Data leakage warning: splice_type is the training label itself and must NEVER be used as a feature. It is listed in FeatureSchema.LEAKAGE_COLS along with pred_type, true_position, predicted_position, is_correct, and error_type. The transcript_id and transcript_count columns are metadata (FeatureSchema.METADATA_COLS) and should also be excluded from training features due to high cardinality and poor generalization.

genomic (4 columns)¶

Lightweight positional and compositional features derived from gene boundary coordinates and optionally from the DNA sequence column (requires the sequence modality to run first).

Source file: modalities/genomic.py

Column	Type	Description
`relative_gene_position`	Derived	Transcriptomic-aware position within gene (0.0 = 5'/TSS, 1.0 = 3'/TES); strand-corrected
`distance_to_gene_start`	Derived	Absolute distance (bp) from position to genomic gene start
`distance_to_gene_end`	Derived	Absolute distance (bp) from position to genomic gene end
`gc_content`	Derived	GC fraction in a central window of the DNA sequence (default 100bp window)

Optional (when include_dinucleotides=True): cpg_density (CpG dinucleotide frequency).

Group 3: External Data¶

sequence (3 columns)¶

Extracts fixed-length DNA windows from the reference FASTA using pyfaidx for efficient random access. The sequence column is consumed by downstream modalities (genomic context for GC content) and by the meta-layer model as a raw input.

Source file: modalities/sequence.py

Column	Type	Description
`sequence`	Raw (from FASTA)	DNA sequence string of length `2 * window_size + 1` (default: 1001nt) centered on position
`window_start`	Derived	Genomic start coordinate of the extracted window
`window_end`	Derived	Genomic end coordinate of the extracted window

Note: window_start and window_end are metadata columns, not training features. The sequence column itself is a raw string consumed by the meta-layer's sequence encoder, not a numeric feature.

conservation (9 columns)¶

Evolutionary constraint scores from UCSC multi-species alignment bigWig tracks. Build-matched: GRCh38 uses 100-way vertebrate alignment, GRCh37 uses 46-way. Requires pyBigWig. Supports local files and remote UCSC HTTP streaming.

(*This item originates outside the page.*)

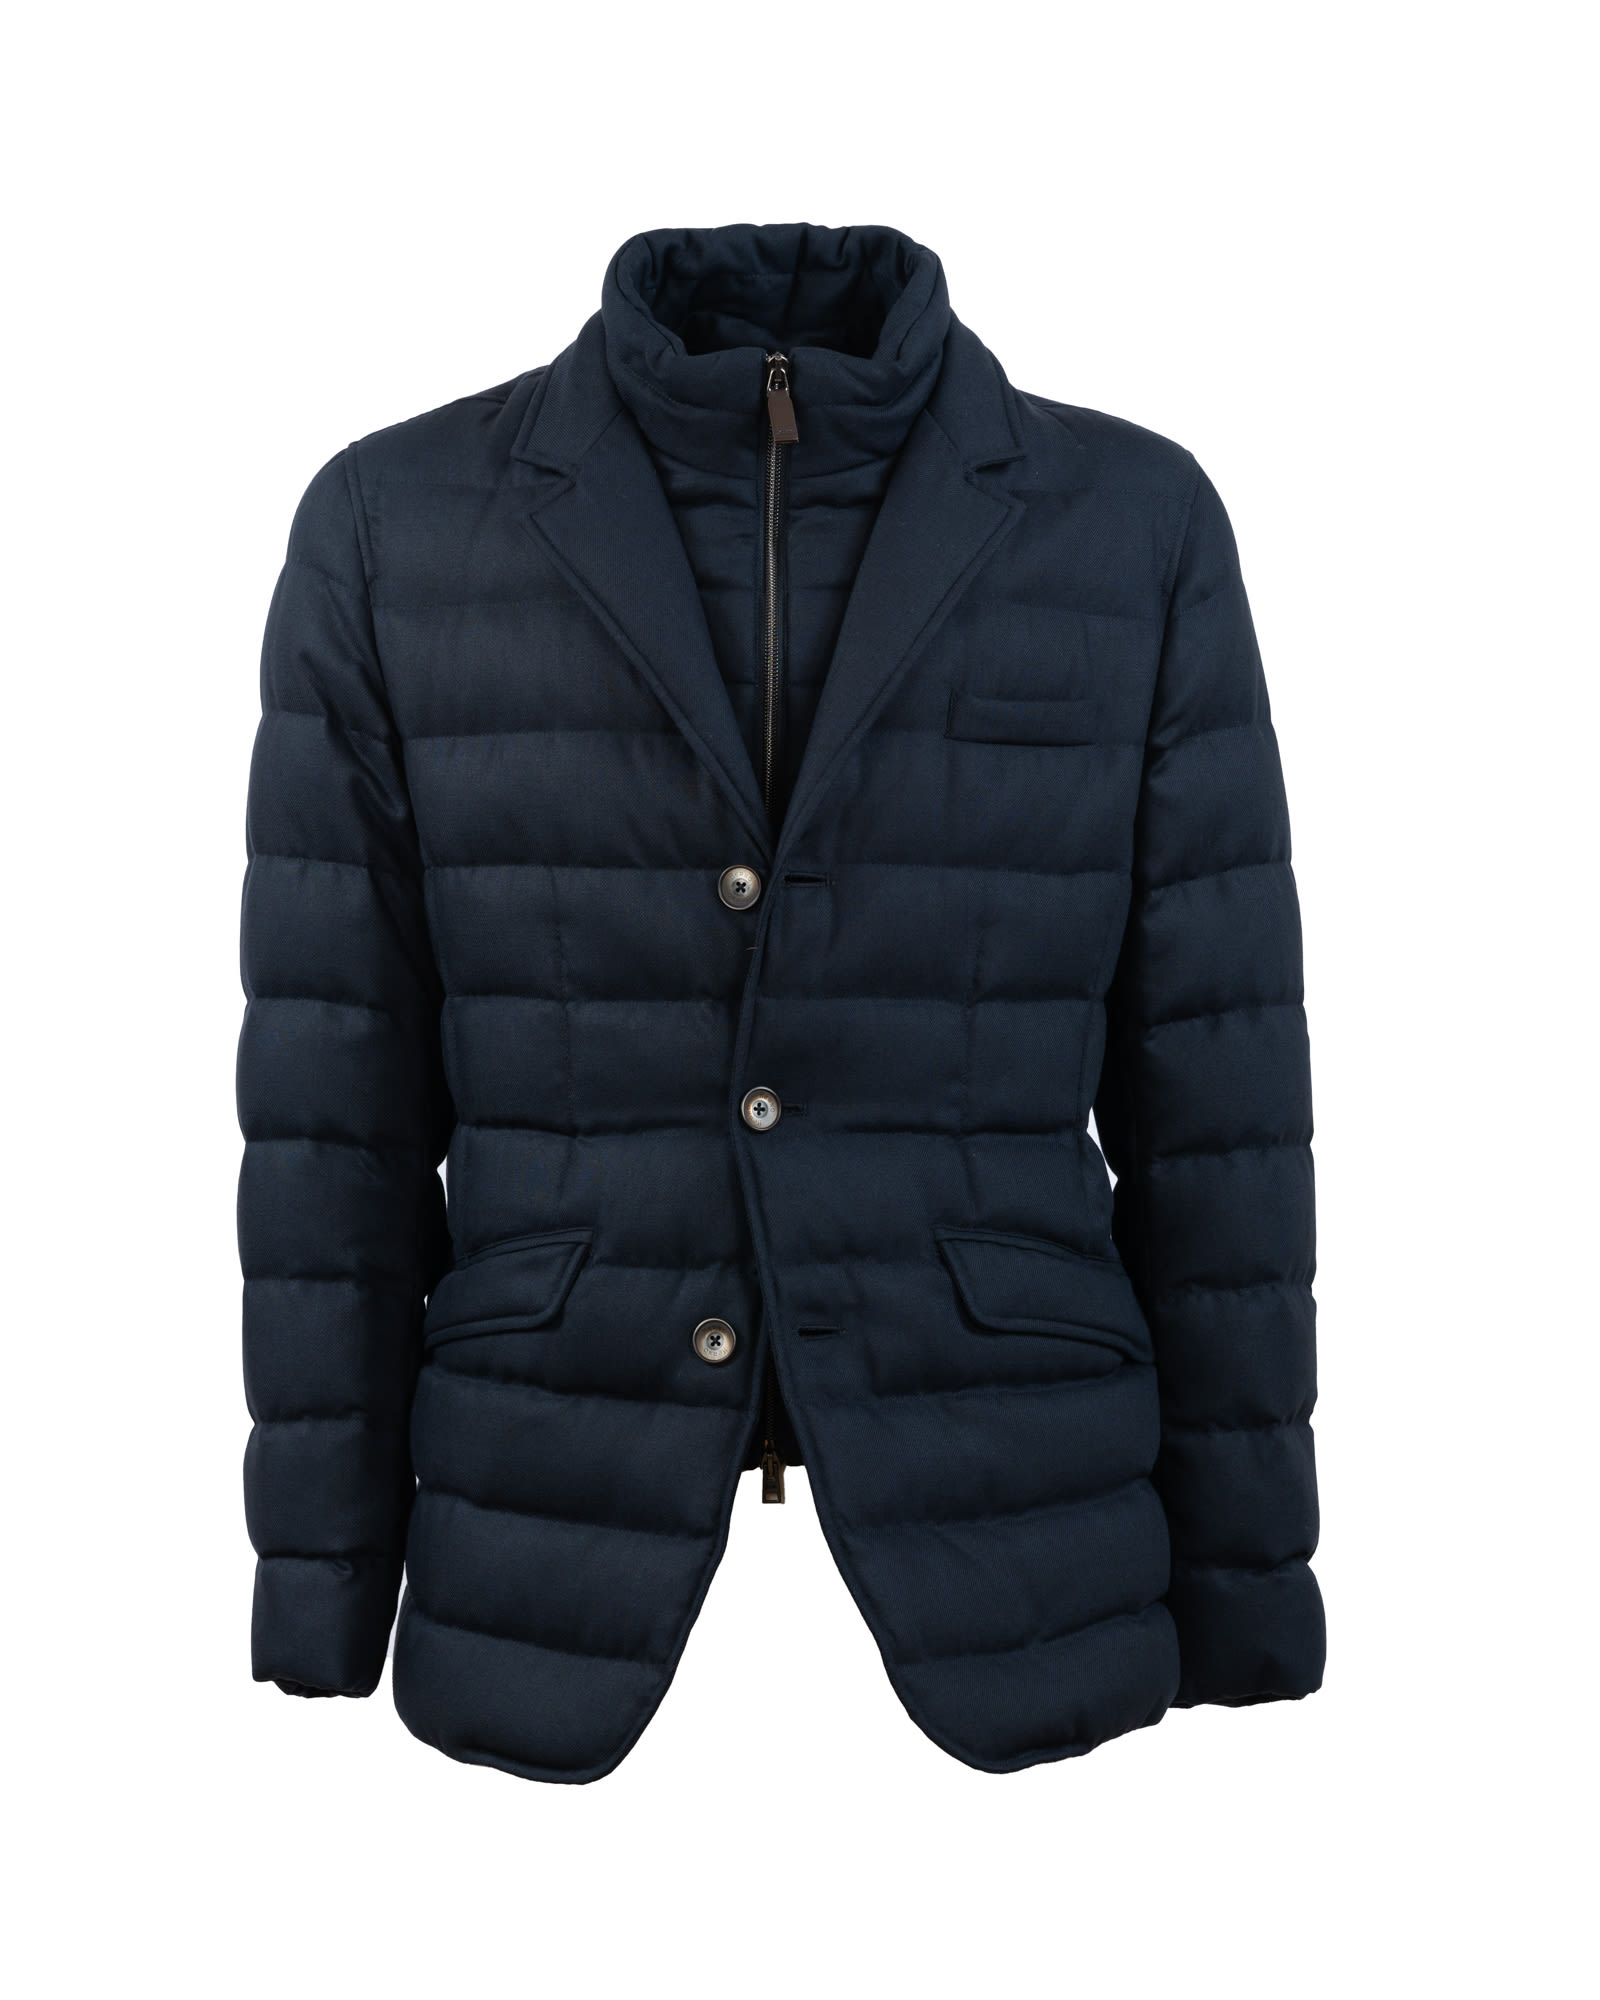 Herno Blazer down jacket made of technical fabric

Source file: modalities/conservation.py

Column	Type	Description
`phylop_score`	Raw (from bigWig)	PhyloP score at the exact position; positive = conserved, negative = fast-evolving
`phylop_context_mean`	Derived	Mean PhyloP score in a window around position (default ±10bp)
`phylop_context_max`	Derived	Maximum PhyloP score in the context window
`phylop_context_std`	Derived	Standard deviation of PhyloP scores in the context window
`phastcons_score`	Raw (from bigWig)	PhastCons probability of being in a conserved element (0-1)
`phastcons_context_mean`	Derived	Mean PhastCons score in the context window
`phastcons_context_max`	Derived	Maximum PhastCons score in the context window
`phastcons_context_std`	Derived	Standard deviation of PhastCons scores in the context window
`conservation_contrast`	Derived	`phylop_score - phylop_context_mean`; how much this position stands out from local context

epigenetic (12 columns)¶

Histone modification signals from ENCODE ChIP-seq fold-change-over-control bigWig tracks. Default mode is summarized (Strategy B): cross-tissue summary statistics from 8 ENCODE cell lines (K562, GM12878, H1, HepG2, A549, keratinocyte, MCF-7, SK-N-SH).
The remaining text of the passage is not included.